General characteristics | |
---|---|
Male, n (%) | 66 (46.2) |
Gestational age (wk), mean ± SD | 25.8 ± 1.1 |
Male | 25.6 ± 1.1 |
Female | 25.9 ± 1.1 |
Postmenstrual age at sampling*, mean ± SD | 27.2 ± 1.2 |
Male | 27.1 ±1.1 |
Female | 27.3 ± 1.3 |
DNAm age (wk), mean ± SD | 28.8 ± 2.1 |
Male | 28.3±1.7 |
Female | 29.2 ± 2.4 |
Birth weight (g), mean ± SD | 883 ± 178 |
Respiratory outcomes/interventions | |
Surfactant administration, n (%) | 67 (46.8) |
Males receiving surfactant, n (%) | 35 (52.2) |
Corticosteroid administration, n (%) | 55 (38.4) |
Males receiving corticosteroids, n (%) | 34(61.8) |
Period of assisted ventilation (d), mean ± SD | 23.2 ± 17.3 |
Male | 28.6 ± 18.6 |
Female | 18.6 ± 14.8 |
BPD, n (%) | 58 (40.6) |
Males with BPD, n (%) | 30(51.7) |
Fractional week when blood sample collected plus gestational age.

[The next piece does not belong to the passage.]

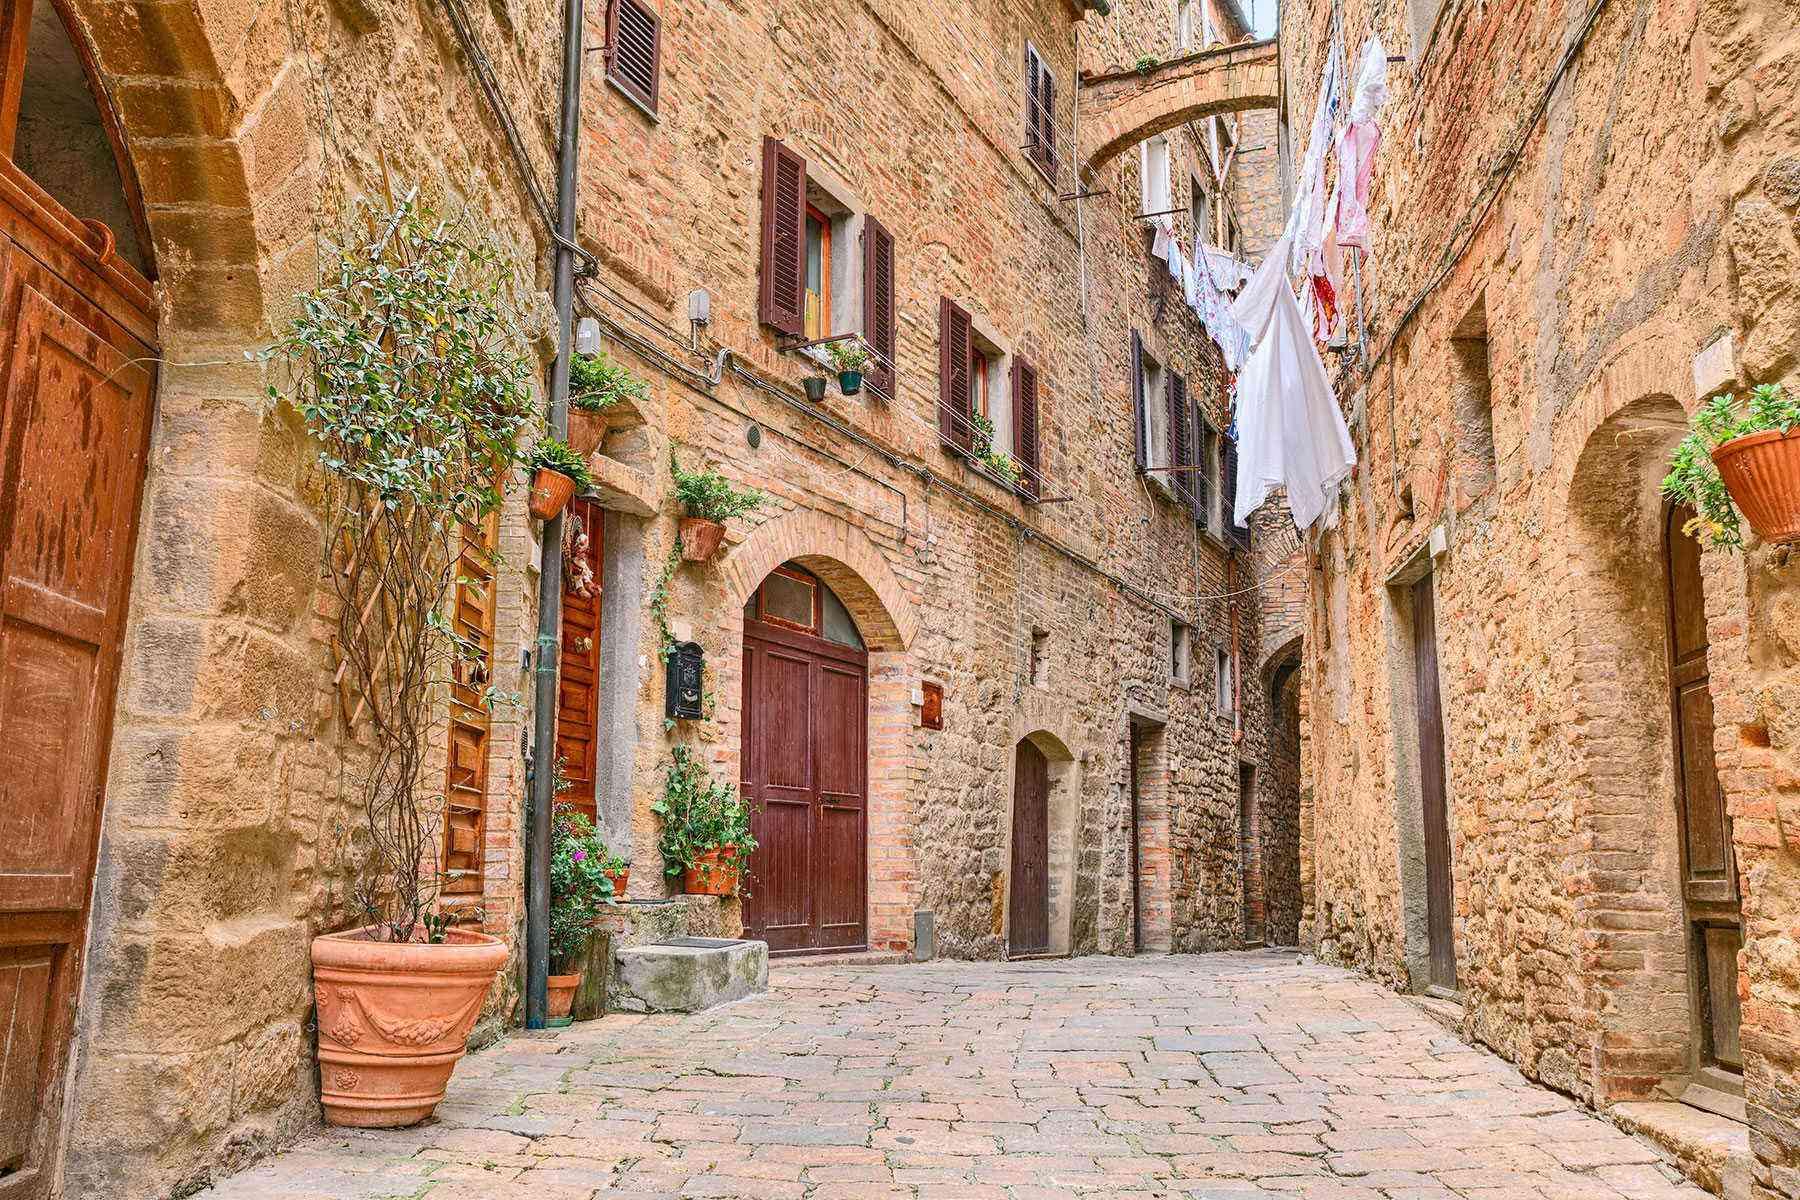 Medieval-Italian-Towns-Volterra-2

DNAm gestational age and subsequently gestational age acceleration were determined for each subject. Gestational age was correlated with DNAm gestational age (Figure 1 [available at www.jpeds.com]; r = 0.43, P = 8.7 × 10–8), but not gestational age acceleration (Figure 2 [available at www.jpeds.com]; r = 2.0 × 10–17, P = .99).

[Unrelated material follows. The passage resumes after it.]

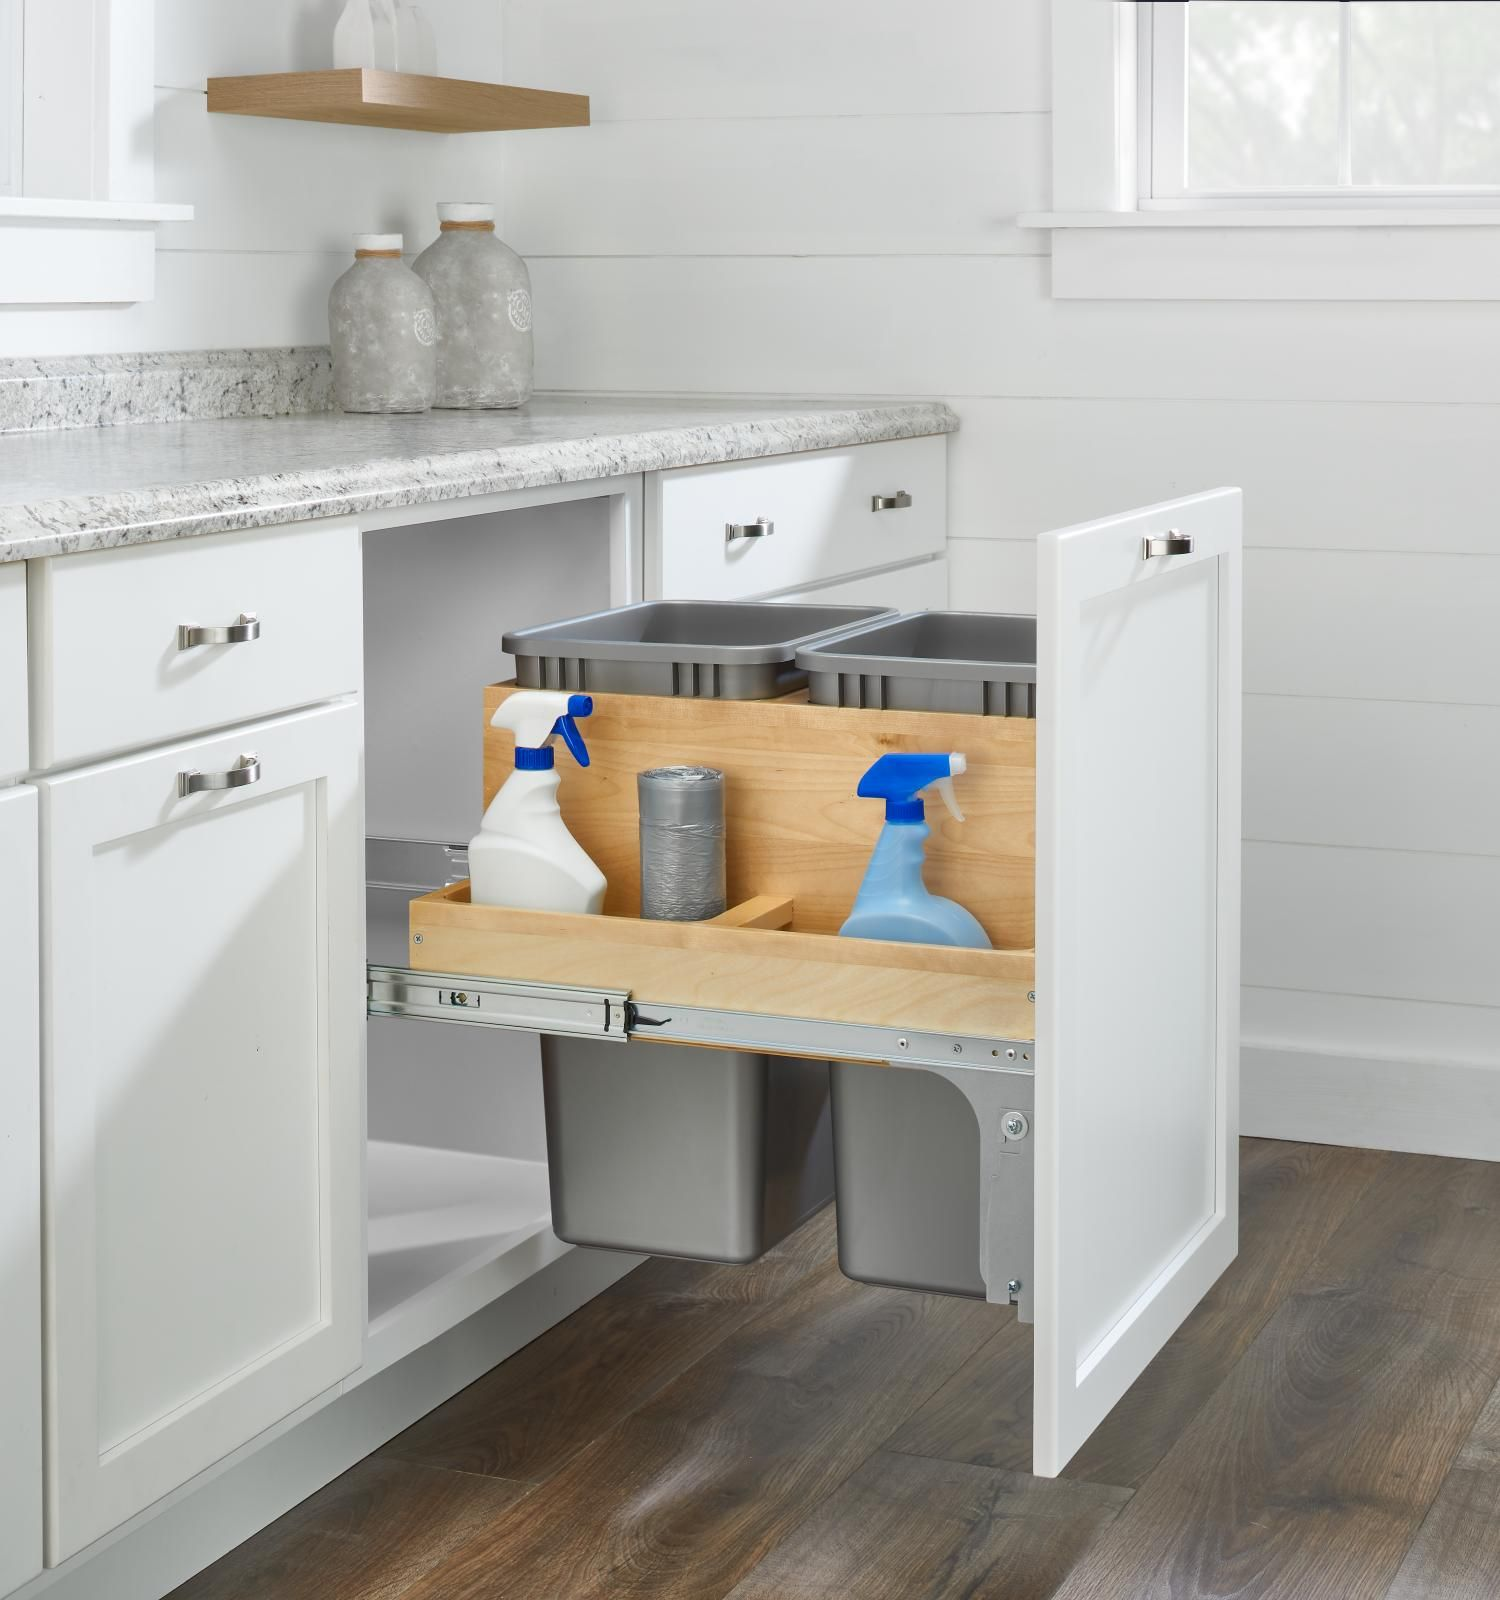 Rev A Shelf 4wctm Wood Drawer Box Trash Pull Out In 2020 Face Frame Cabinets Shelves Rev A Shelf

Extremely preterm infants who received surfactant had lower gestational age acceleration values compared with those who did not (mean difference –.057, 95% CI [–.099,–.015] weeks, P = .009; Figure 3, A); gestational age acceleration was lower in infants who were treated with postnatal corticosteroids compared with those who did not receive postnatal corticosteroids (mean difference –.056 weeks, 95% CI [–.098,–.015], P = .008; Figure 3, B), and was negatively associated with days of assisted ventilation (−1.79 days per week of gestational age acceleration, 95% CI [−3.28,−0.30], P = .02; Figure 3, C). In addition, infants who developed BPD had lower gestational age acceleration (mean difference –.055 weeks, 95% CI [–.098, –.012], P = .01; Figure 3, D).

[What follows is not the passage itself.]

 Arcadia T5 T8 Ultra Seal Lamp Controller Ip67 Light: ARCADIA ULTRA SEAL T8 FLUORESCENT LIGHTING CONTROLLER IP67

For each respiratory intervention and outcome, the inclusion of the gestational age acceleration added significantly to the amount of variance explained by the model compared with gestational age alone (Table III).
Table III.
Clinical intervention or outcome | Adjusted r* | Adjusted r, gestational age acceleration | P value for addition of gestational age acceleration |
---|---|---|---|
Surfactant administration | 0.35 | 0.40 | .004 |
Corticosteroid administration | 0.36 | 0.42 | .002 |
Period of assisted ventilation (d) | 0.61 | 0.64 | .009 |
BPD | 0.34 | 0.40 | .004 |
P value for comparison of the models.
r is computed as the square root of R2 for linear regression models, and the square root of McFadden pseudo-R2 for logistic regression models.
Previous studies have shown sex-specific differences in outcomes after preterm birth, prompting us to consider whether gestational age acceleration was associated with infant sex. Male subjects had a mean gestational age acceleration of −0.40 and female subjects had a mean gestational age acceleration of 0.35, indicating that female subjects were potentially developmentally more mature than male subjects (mean difference = 0.75 weeks, 95% CI [0.14, 1.36], P = .02; Figure 4); this is further illustrated in Figure 5 (available at www.jpeds.com) which shows the distribution of gestational age acceleration in the overall cohort. The interaction term for sex was significant only for BPD (P = .007). In subsequent subgroup analysis stratified by sex, development of BPD was significantly related to lower gestational age acceleration only in male subjects (mean difference −0.154 weeks, 95% CI [−0.230, –.079], P < .008) but not in female subjects (mean difference 0.27 weeks, 95% CI [–.05,.05], P= .9).
To ensure results were not driven by CpG sites comprising the predictor that were also independently associated with the outcome or intervention of interest, we used linear models to assess associations with each of the 148 CpG sites. Two CpG sites were experiment-wide significant. One site (cg15856055, ZNF511) was associated with BPD (P = .002), and 1 site was associated with days of assisted ventilation (P = .0001, cg27258399, HTRA4). No individual CpG site was significantly associated with surfactant or postnatal corticosteroid administration, supporting our hypothesis that the relationship between the outcome and gestational age acceleration was not due to associations with individual CpG sites.
Discussion
In our study, we used a metric based on DNAm (which we postulate represents developmental maturity in utero and up to 10 days after birth) to assess associations between the postulated measure of developmental maturity and respiratory outcomes that is independent of gestational age. We found that infants born at <28 weeks of gestational age, increased DNAm age was strongly related to reduced respiratory morbidity and fewer respiratory interventions after birth. Importantly, gestational age acceleration explained these outcomes over and above knowledge of gestational age at birth alone.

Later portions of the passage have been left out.